Tuesday, February 26, 2013

Memoir: Fact/Fiction Redux


It's coming on strong - as it has been for the last couple of years: What's Up With Memoir?
Is it fact?
Is it fiction?

This is becoming a theme in this blog, which is ok with me. Here's a just-found article (new-to-me) on Why Some Memoirs Are Better As Fiction. I think he clarifies a point that Le Guin makes that I wasn't getting through her dismissal of any conversation recounted=fiction, never truth. Taylor Antrim, the article's author, points out that memoir can become a short cut - a weak version of story telling, where authors are not held accountable for making solid characters. They pick and choose from the cherry tree of literary styles/methods, and leave behind the most solid storytelling.

I could give him that. Now, re-reading Le Guin's essay, I can hear where she is coming from better. He also points out there's a long and respected tradition of auto-biographical fiction (The Bell Jar by Sylvia Plath being a big one). So now I am feeling out - what would be better done as fiction?

This liminal space, this mixing of style and manner, content and intent, is risky for sure, and it is only getting riskier. The more I personally work on memoir, the more I want to write in present tense, dropping the reader and myself into the moment without reservation. Some kind of truth is coming forward that would not if I kept writing in the past tense, or "about" conversations instead of the conversations themselves. Do I not entirely recall things or recall things incorrectly? It's a given.

Can we write memoir knowing that's a given?
What's the line between what is acceptable and what isn't?
Between "emotional truth" and factual lies?
I have a lot of journals, some of which contain actual interactions with others. I am curious when I encounter them what I recalled incorrectly. I know that is not just a possiblity but a likelihood.
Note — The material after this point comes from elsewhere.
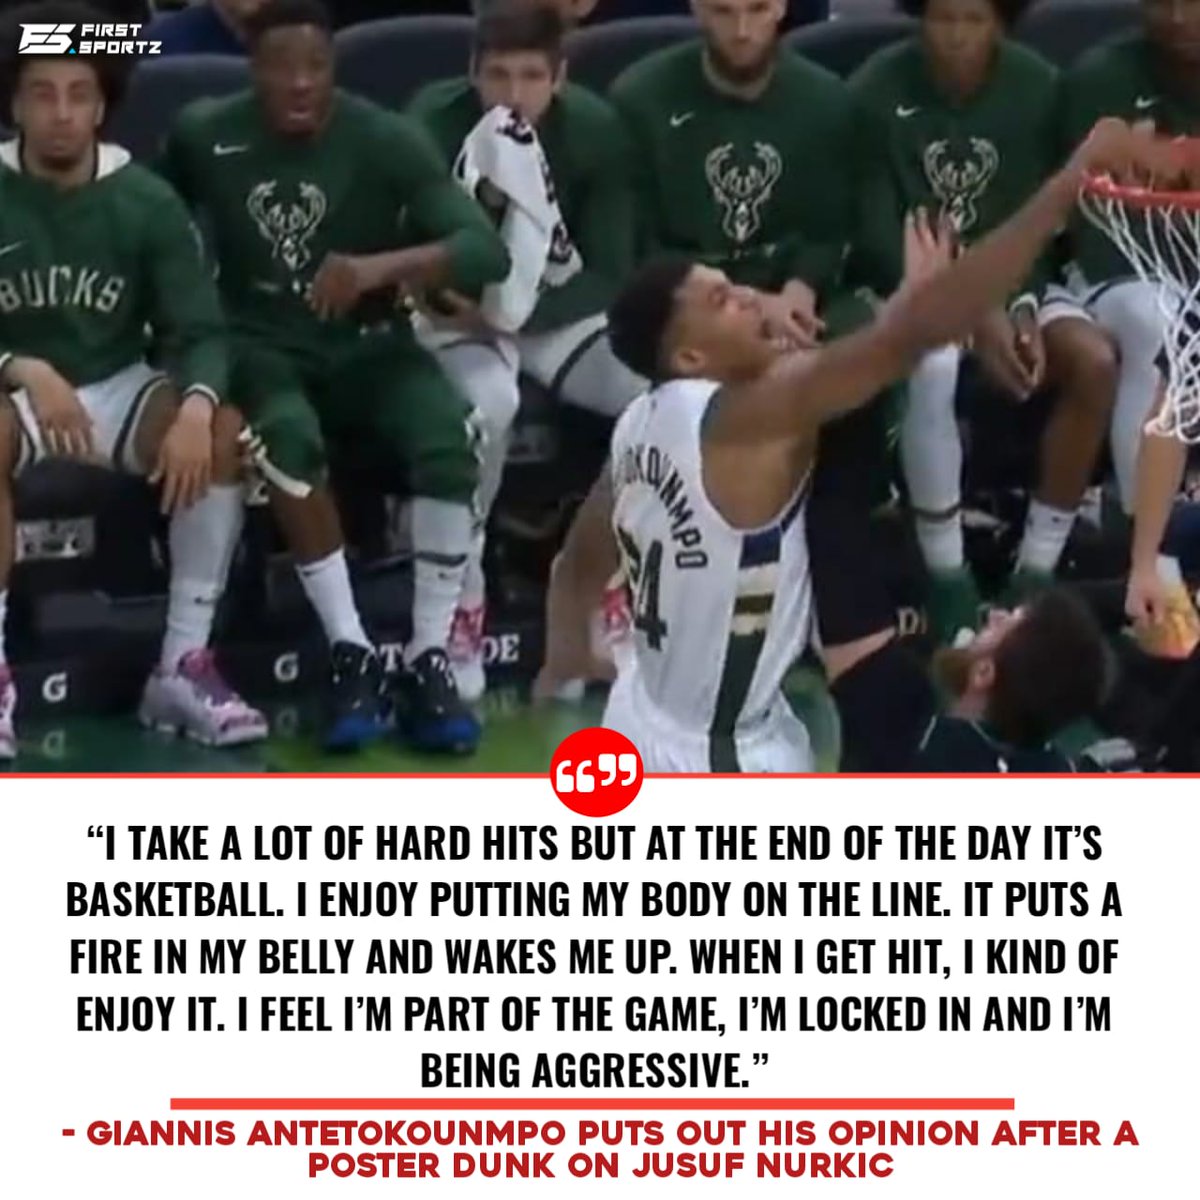 Giannis Antetokounmpo shocks everyone with a one hand poster over Jusuf Nurkic and explains the reason for his hard game.

#NBA #FearTheDeer #GiannisAntetokounmpo #Poster #Dunk #Game https://t.co/fkiQjTUtri

But I don't want to write fiction. I want to write memoir and I want my story to be taken as such. I appreciate Antrim's notes on responsibility of the writer, and would like to apply them to my own work. More helpful fodder for writing strong memoir. I am, however, certainly writing memoir.

What if we *accept* that likelihood and create a new form, well, that's already been created: more memoir than fiction, more autobiographical than projection, and yet. Well.

I am fine with what Le Guin notes in her essay - as soon as we encounter actual dialogue, we know that it's not factual recall but emotional recall. However, here's where she and I diverge: what if, instead of at that moment we trust the writer less (as she says she does),  we recognize what they are doing, the style they are using, and continue with that understanding? 

We read the memoir knowing the memoir is based on emotional recall and not factual. We accept that the parameters of memoir have changed, while still holding folks accountable for outright lies and manipulations. 

We use memoir as a chance to notice how memory works, how minds work, and stay curious instead of sticking to former concepts of how personal stories should be told?